Friday, October 2, 2020

Did You Know? The Tree Edition

 

Trees with moss covered roots in a forest with a carpet of orange leaves. The Otzaretta Forest, Spain

We’re going to play a game called “Did You Know?” in which I try to dazzle you with some surprising, and hopefully new-to-you, facts. In this edition of the game, trees are the subject. Here we go:

DID YOU KNOW that trees didn’t exist for the first 90% of Earth’s history?

According to treehugger.com, the timeline goes like this: Earth is 4.5 billion years old – 470 million years ago plants arrived on land, but they were mosses and algae – 420 million years ago vascular plants appeared, but they were small (under 3 feet) – after that, tens of millions of years passed before trees as we know them developed. Making them downright modern in the big picture of Earth.

A tree in Indonesia with carved out burial chambers for children.
DID YOU KNOW that there’s a place where they bury babies in trees?

In Tana Toraja, Indonesia, babies who die before they start teething are lovingly placed in hollowed-out holes of special trees. These trees can hold dozens of babies. The belief is that the tree will absorb the child’s spirit and gently send it on its way. For more, check out this article

DID YOU KNOW that there are six ginkgo trees that survived the atomic blast at Hiroshima?

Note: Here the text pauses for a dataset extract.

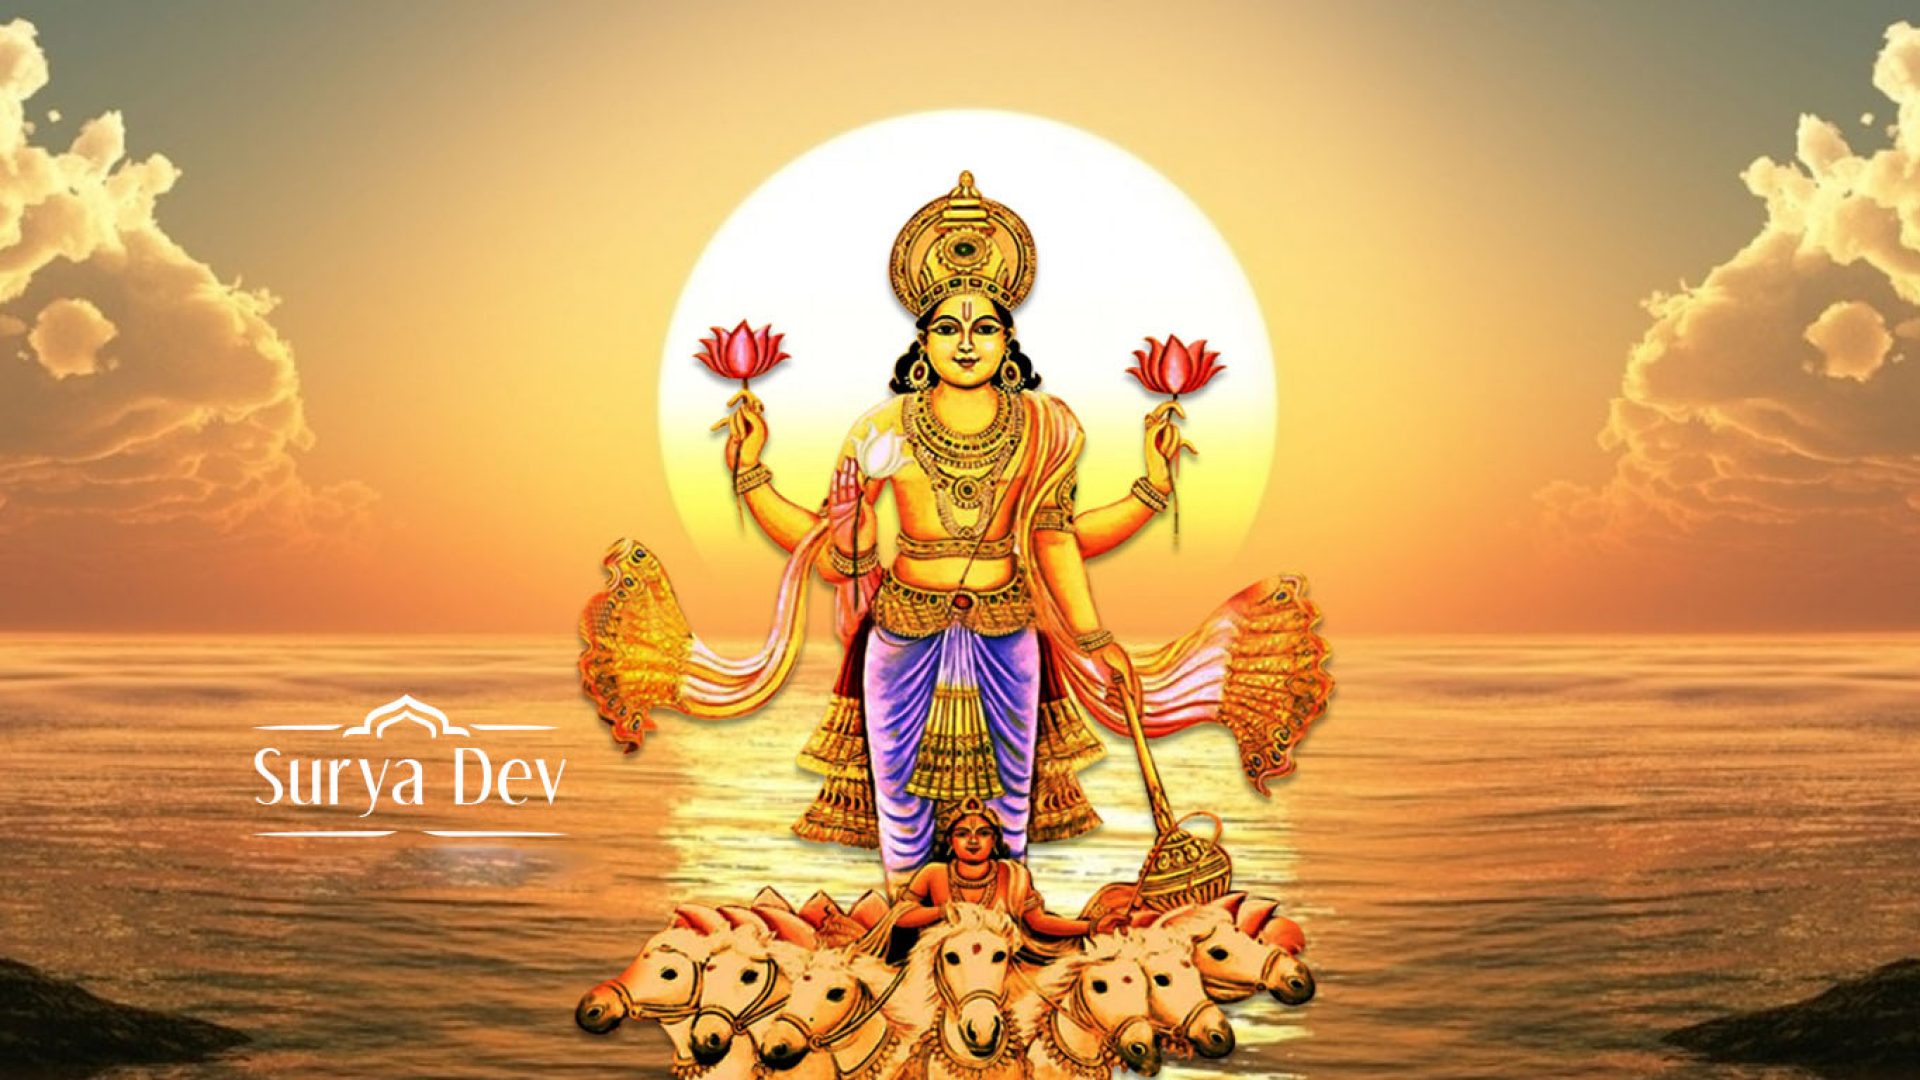 Surya Dev Image Hindu Gods And Goddesses

 There is also a pear tree that lived through 9/11 at the World Trade Center and an elm that survived the Oklahoma City bombing. In Japan, the trees have become potent symbols of national resilience and are greatly honored and protected. The pear and elm here in the US have also been protected; but, unfortunately, they do not seem to hold a place in their nation’s heart as the ginkgoes do.

DID YOU KNOW that the fastest-growing hardwood tree is the Empress Splendor Tree?

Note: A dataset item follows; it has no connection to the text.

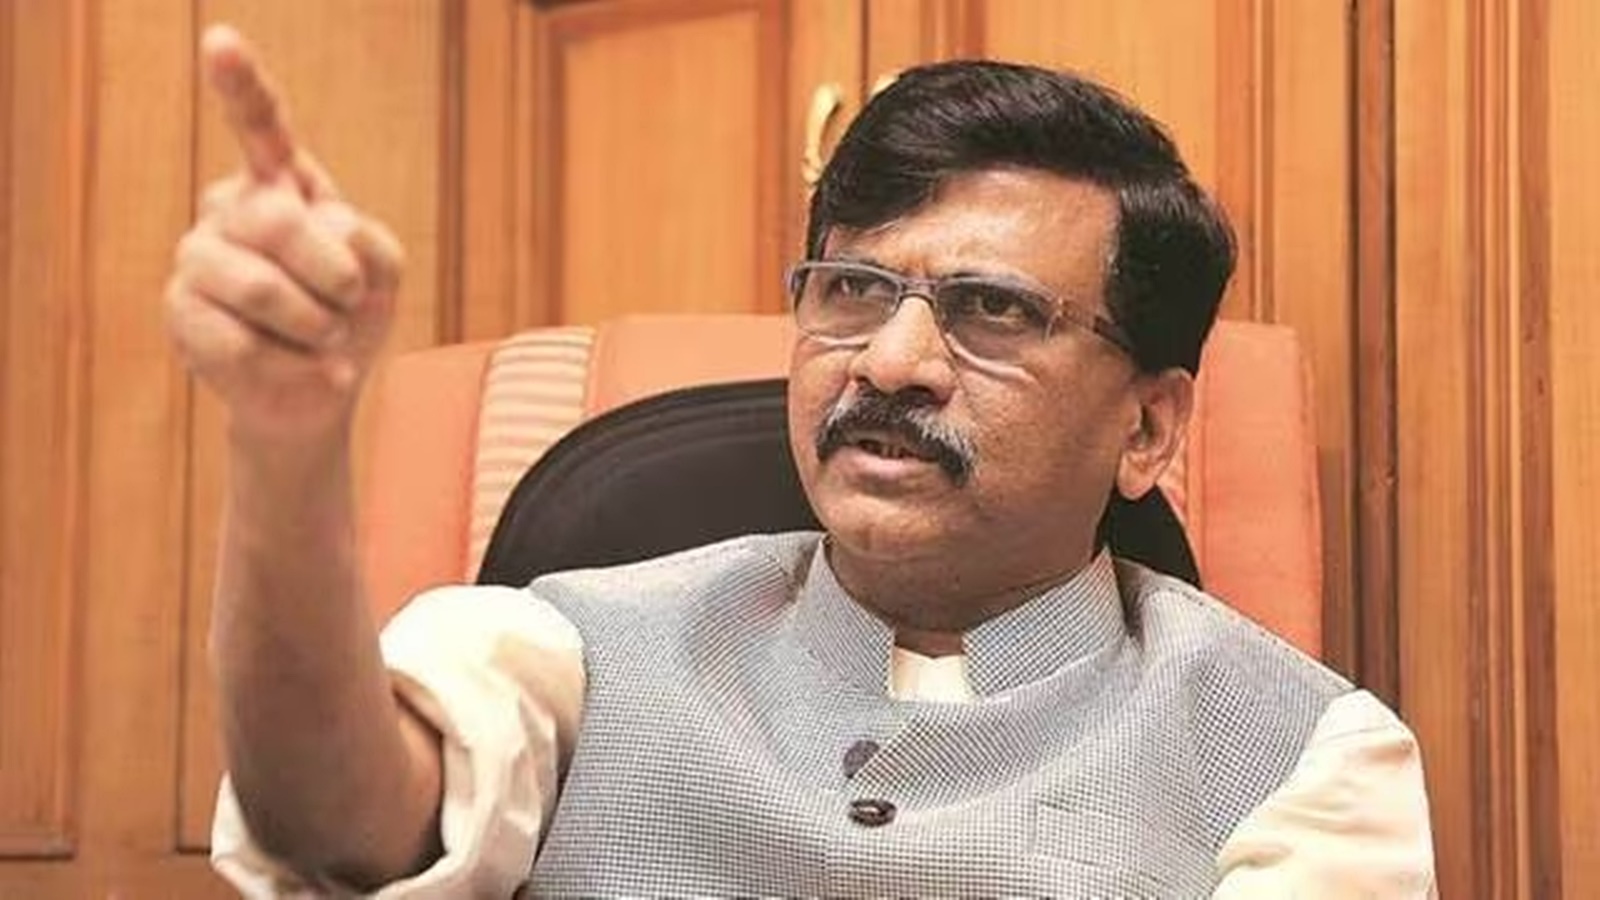 In Nashik, Sanjay Raut bitterly said that if there was no Shiv Sena

A beautiful Empress Splendor tree in bloom by a lake.
The Guinness Book of World Records has recognized this beautiful tree (Paulownia tomentosa) as the fastest growing hardwood. It can mature in 7-10 years, is fire and insect resistant, and prefers being raised organically. And, according to treehugger.com, it produces 3-4 times the oxygen than other known tree species. It seems like this non-invasive species could be the perfect tree. Read more here.

DID YOU KNOW that there is a 1360-acre forest in India planted by one man? 

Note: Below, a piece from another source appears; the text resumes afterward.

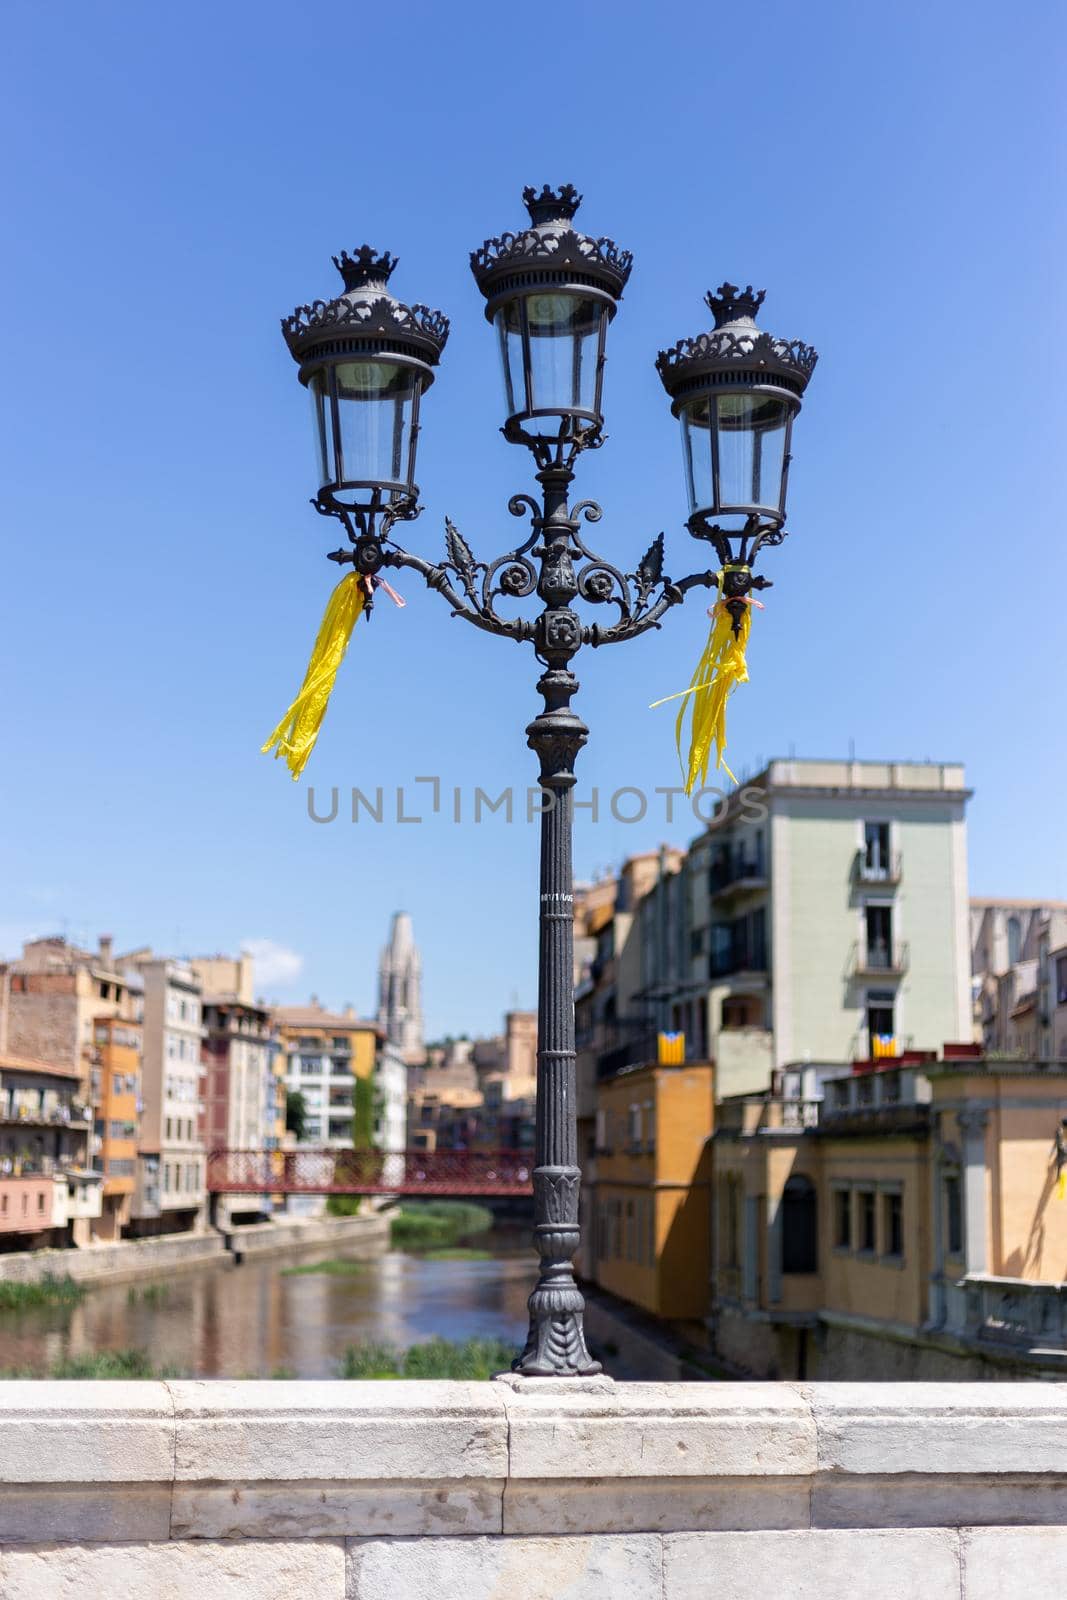 Ornate street lamp in the Spanish city of Girona by Digoarpi

In 1979, when he was just 16 years old, Jaday Molai Payeng came across some snakes that had died on a riverbed. They had become stranded and succumbed to extreme heat because there was no shade for them to cool in. The sight of those unfortunate creatures compelled him to do something about de-forestation in his area. He began planting bamboo and moved up to trees and has been planting ever since. His forest (known as the Molai forest) now holds more than trees – deer, tiger and rhinoceros roam there. Truly a story of how one person can change the world. See him in his forest here.

A sign pointing the way to the Tree of Life in the distance.
DID YOU KNOW that there is a 400-year-old tree in Baharain that’s alone out in the desert?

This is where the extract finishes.